# Cullinary Vegetarians



## eatyrvegs (Sep 11, 2002)

Someone I know told me they didn't think I would do well if I go to cullinary school because I am a vegetarian (I don't eat meat, and only a little eggs/dairy). Is this true? Do you think it will be a problem or make it harder? I have no problem cooking these things, I just can't eat some of them because of a digestion disorder. Thanks


----------



## kuan (Jun 11, 2001)

Most of the time you won't have a problem. You're never going to know how something really tastes, or is supposed to taste though. The biggest problem you'll have is in judging the proper amount of salt and pepper in your sauces and soups.

Kuan


----------



## cape chef (Jul 31, 2000)

> _Originally posted by eatyrvegs _
> *Someone I know told me they didn't think I would do well if I go to cullinary school because I am a vegetarian (I don't eat meat, and only a little eggs/dairy). Is this true?
> 
> No it's not true, that statement is to general and broad.
> ...


----------



## holydiver (Aug 9, 2000)

There is actually a dedicated vegitarian culinary school in NYC I think it is called natural gourmet cookery school or something like that I seen it on food network you should check it out it would probally be a better bet for you.


----------



## kaliflower (Sep 14, 2002)

In my Professionalism class, we gave presentations on different aspects of the food service biz. Out of a supplied list, I picked a Vegetarian Information Group. I did not reveal myself to be vegetarian...and sure enough, the Chef made a couple of caustic remarks about the validity of vegetarians as chefs and put forth the opinion that vegetarians have bad dietary habits.
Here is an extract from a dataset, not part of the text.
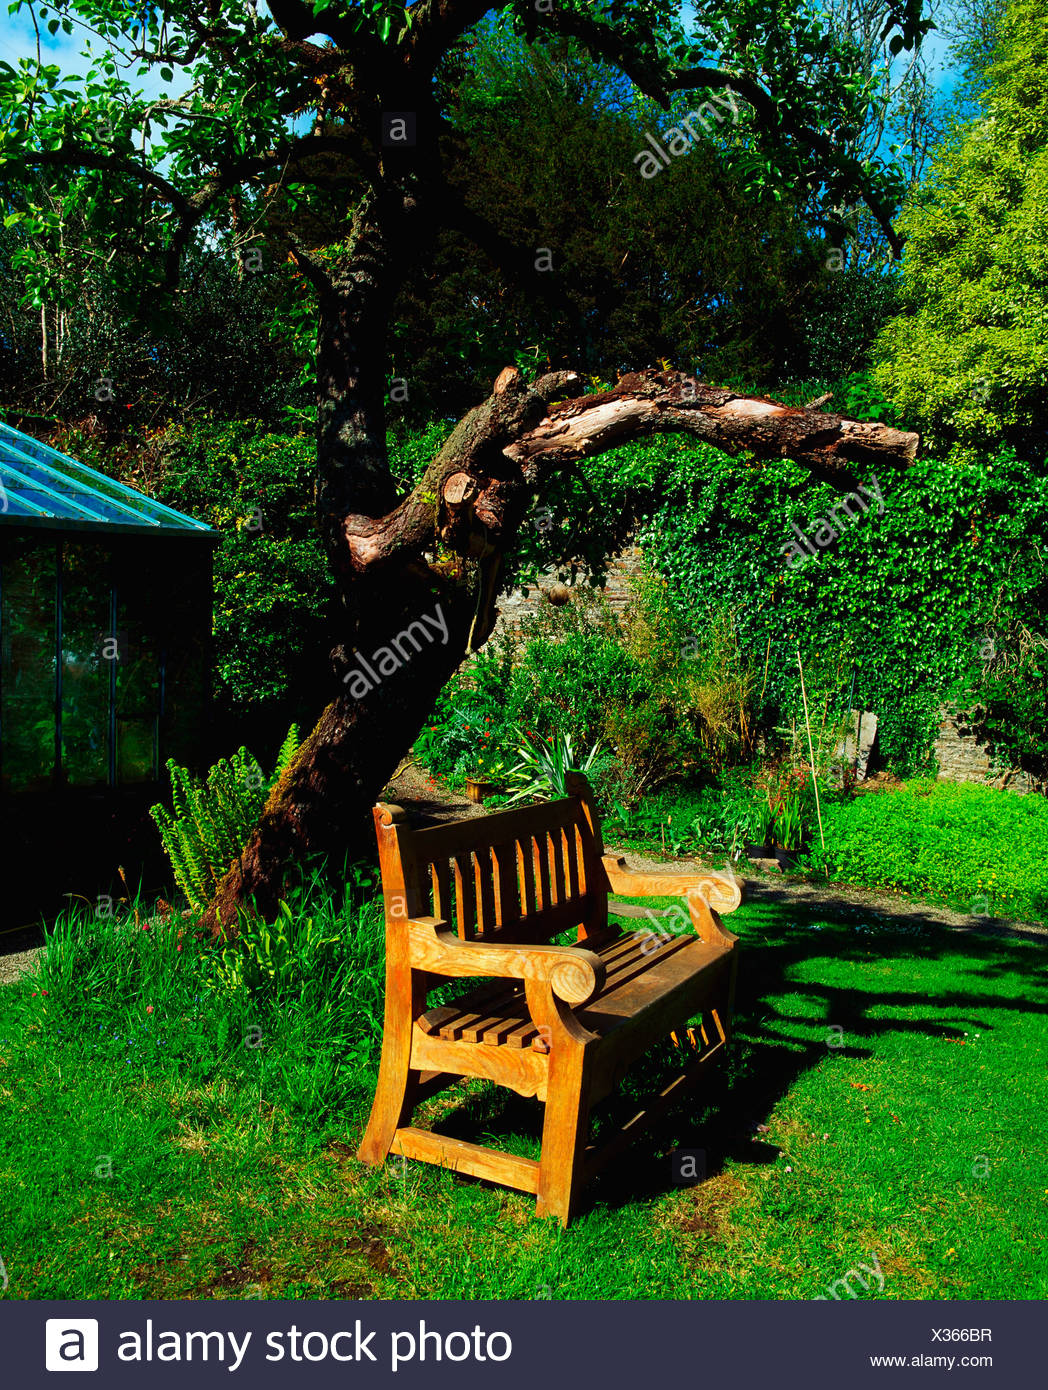 Creagh Baltimore Co Cork, Garden Bench under old Tree, The Walled Garden Late Summer - Stock Image

That prejudice is why I keep my dietary habits to myself. I have been an octo/lactose vegetarian since I was sixteen, (and that was before the Beatles broke up) and I have had to cook meat
at home for peroids of time, when first my father-in'-law and later my mom were in my care in their old age. I will taste the dish. I just won't eat a bowl of it!


----------



## snakelady1 (Mar 7, 2001)

My thought on this is will you always be able to find a position that allows you to not taste meat or dairy, I find that I need to know how a dish is suppose to taste...my instructors stated that you had to try everything but you didn't have to swallow it.....


----------



## greg (Dec 8, 1999)

First, read Cape Chef's post again; he's got some very valid points. Second, if you are able to taste a little bit, if not an entire serving, then you can certainly do this. If tasting is not an option, maybe you could have a class-mate help you regarding adjusting seasonings. After you graduate, you can look into jobs that fit your lifestyle. Those jobs _are_ out there, as snakelady1 says.

BTW, I find it rather ironic that the negative comments from a chef instructor regarding vegetarians came in your "professionalism class". Those comments were behind the times and completely un-professional. I'm sorry you had to pay to hear them. Personally, I'd bring it up with whoever is in charge of the culinary program (after you graduate, of course). Somebody needs to bring that caveman chef up to speed.


----------